Our decision in Singleton v. Merit Systems Protection Board, 244 F.3d 1381 (Fed.Cir.2001), forecloses Mr. Asatov’s argument on appeal. In that case we held that the Board lacked the authority to order the adjutant general of the Ohio National Guard to grant relief to a national guard technician who claimed he was denied a promotion as a result of his whis-tleblower activity. The Singleton court recognized that the national guard has a “hybrid” state-federal character. Id. at 1333. The national guard serves as a reserve component of the United States military, and federal law provides for the positions of both adjutant general and national guard technician. 32 U.S.C. §§ 314, 709(a), (d). In addition, 32 U.S.C. § 709(e) classifies a national guard technician as a federal employee for purposes of fringe and retirement benefits. Singleton, 244 F.3d at 1334. However, the national guard of each state is an agency of that state; in Singleton, we noted, the adjutant general of the Ohio National Guard was appointed by the Governor. 2 Id. at 1333-34. As such, the adjutant general did not fall within the Board’s power to “order any Federal agency or employee to comply with any order or decision issued by the Board.” 5 U.S.C. § 1204(a)(2). Because the adjutant general was the responsible official in the Ohio National Guard, any order by the Board to grant Singleton a promotion would have improperly compelled the adjutant general’s compliance. 244 F.3d at 1336-37. The court therefore held that the Board could not offer Singleton any effective relief.

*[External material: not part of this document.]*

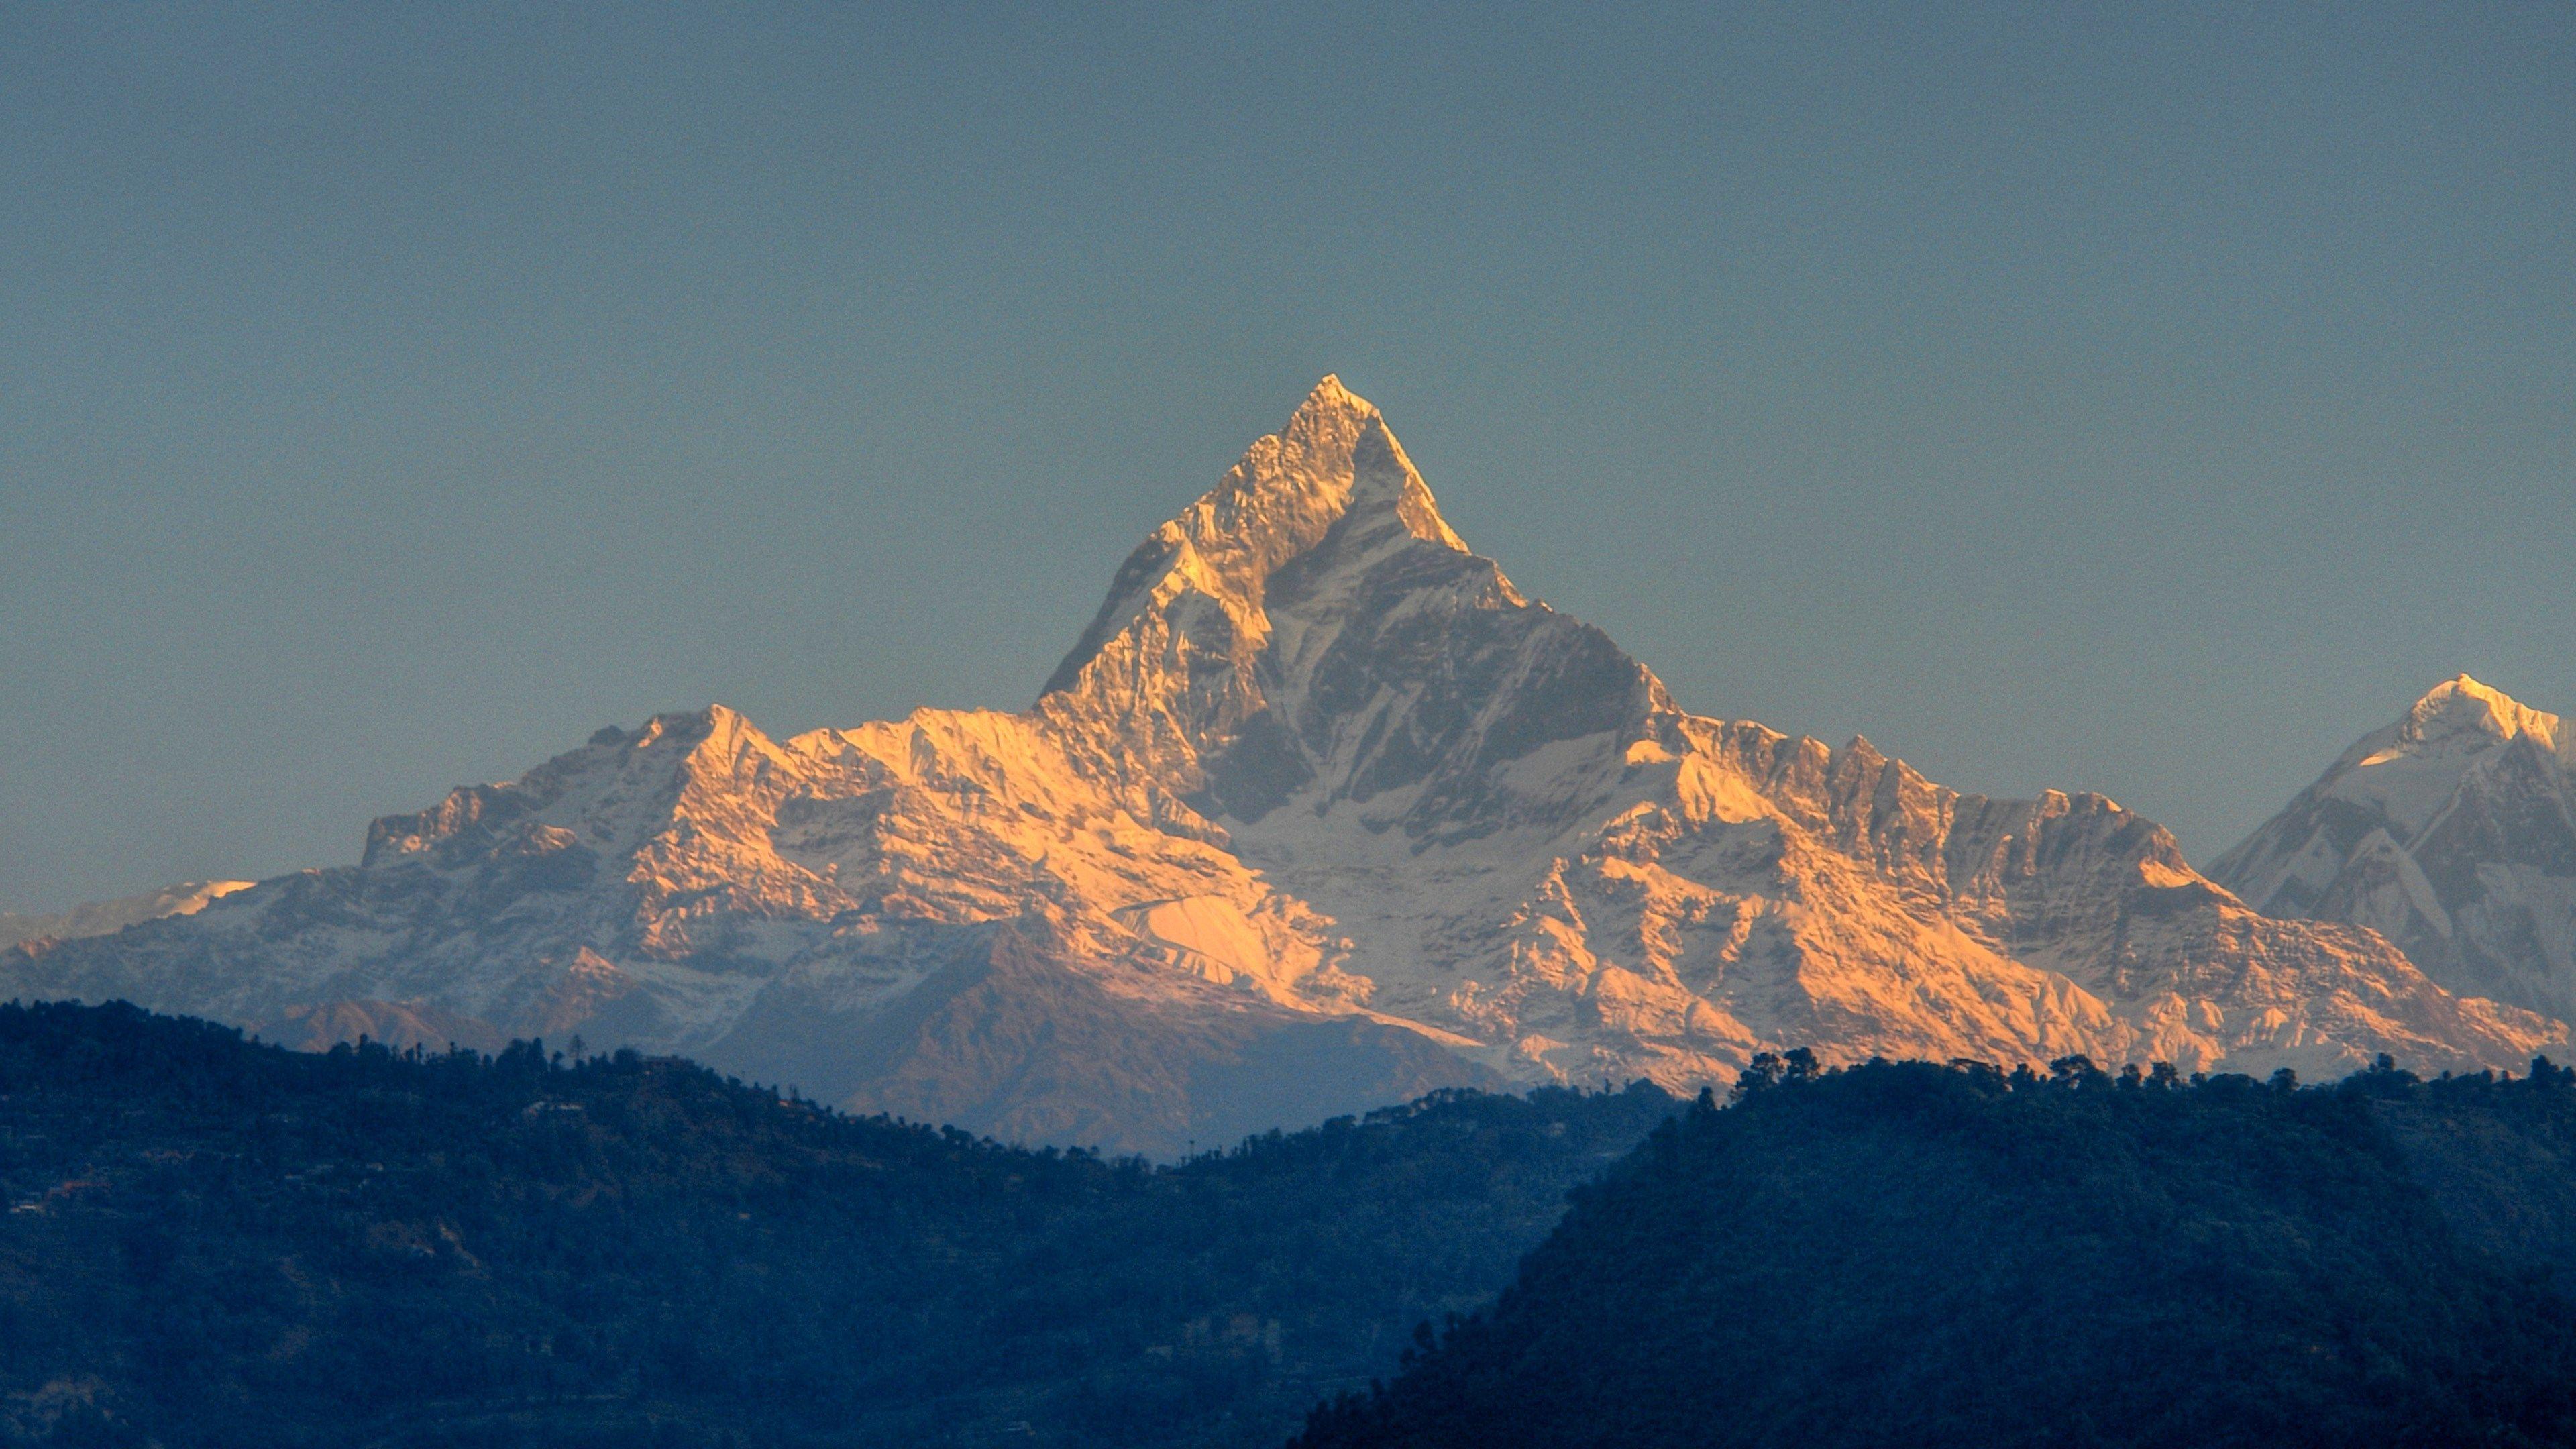 Mount Everest Themed Wallpaper For Desktops By Taft Fairy 2017 03 24 Everest Wallpaper Mountain Photography

Singleton governs this case. The adjutant general of the Connecticut National Guard is appointed by the Governor. Conn. Gen.Stat. § 27-19 (2011). He is therefore a state official; the Board accordingly lacks statutory authority to order the adjutant general to alter his employment practices or decisions in response to a Board decision. As this court held in Singleton, the Board’s “orders are not enforceable against state national guards.” 244 F.3d at 1337. Mr. Asatov’s argument to the contrary has already been considered and rejected by this court.

Mr. Asatov’s attempts to distinguish his case are unpersuasive. He states that the adjutant general has delegated his responsibilities under the Whistleblower Protection Act to the director of the human resources department, who is a federal employee. See 5 U.S.C. § 2302(c); cf. 5 U.S.C. § 302(b) (discussing delegation of agency authority). But the administrative judge properly determined that the delegation does not change the fact that any remedial order must be directed to the *986 adjutant general. As this court reasoned in Singleton, a state’s national guard “can act only through its adjutant general.” 244 F.3d at 1337. An order addressed to a subordinate still compels the adjutant general to accept the Board’s decision.

Mr. Asatov responds by analogy, noting that 5 U.S.C. § 1204(e)(2)(A) permits the Board to suspend the pay of any federal employee “charged with complying with [the Board’s remedial] order” unless that employee is a principal officer — i.e., a presidential appointee confirmed by the Senate. When an agency headed by a principal officer fails to respond satisfactorily to an order, the Board has in some cases suspended the pay of a subordinate with delegated responsibilities, such as a director of human resources. Mr. Asatov concludes that, just as the Board may suspend the pay of a subordinate federal employee to ensure compliance with its orders, it should be able to order the director of human resources for the Connecticut National Guard to comply with a decision in Mr. Asatov’s favor.

That argument conflates the Board’s remedial authority over a federal agency or responsible federal employee under section 1204(a)(2) with the method prescribed in section 1204(e)(2)(A) for enforcing compliance with such a remedial order. The latter provision merely enforces the former; an agency may invoke section 1204(e)(2)(A) only “[i]n enforcing compliance with any order under subsection (a)(2).” That section does not grant the Board independent remedial authority over federal employees working in state agencies under the direction of state-appointed officials. The Board may order a federal employee’s pay suspended only if there is a federal agency or decisionmaker that it may direct to provide the mandated relief. In this case, both the Connecticut National Guard and its adjutant general fall outside the Board’s remedial power.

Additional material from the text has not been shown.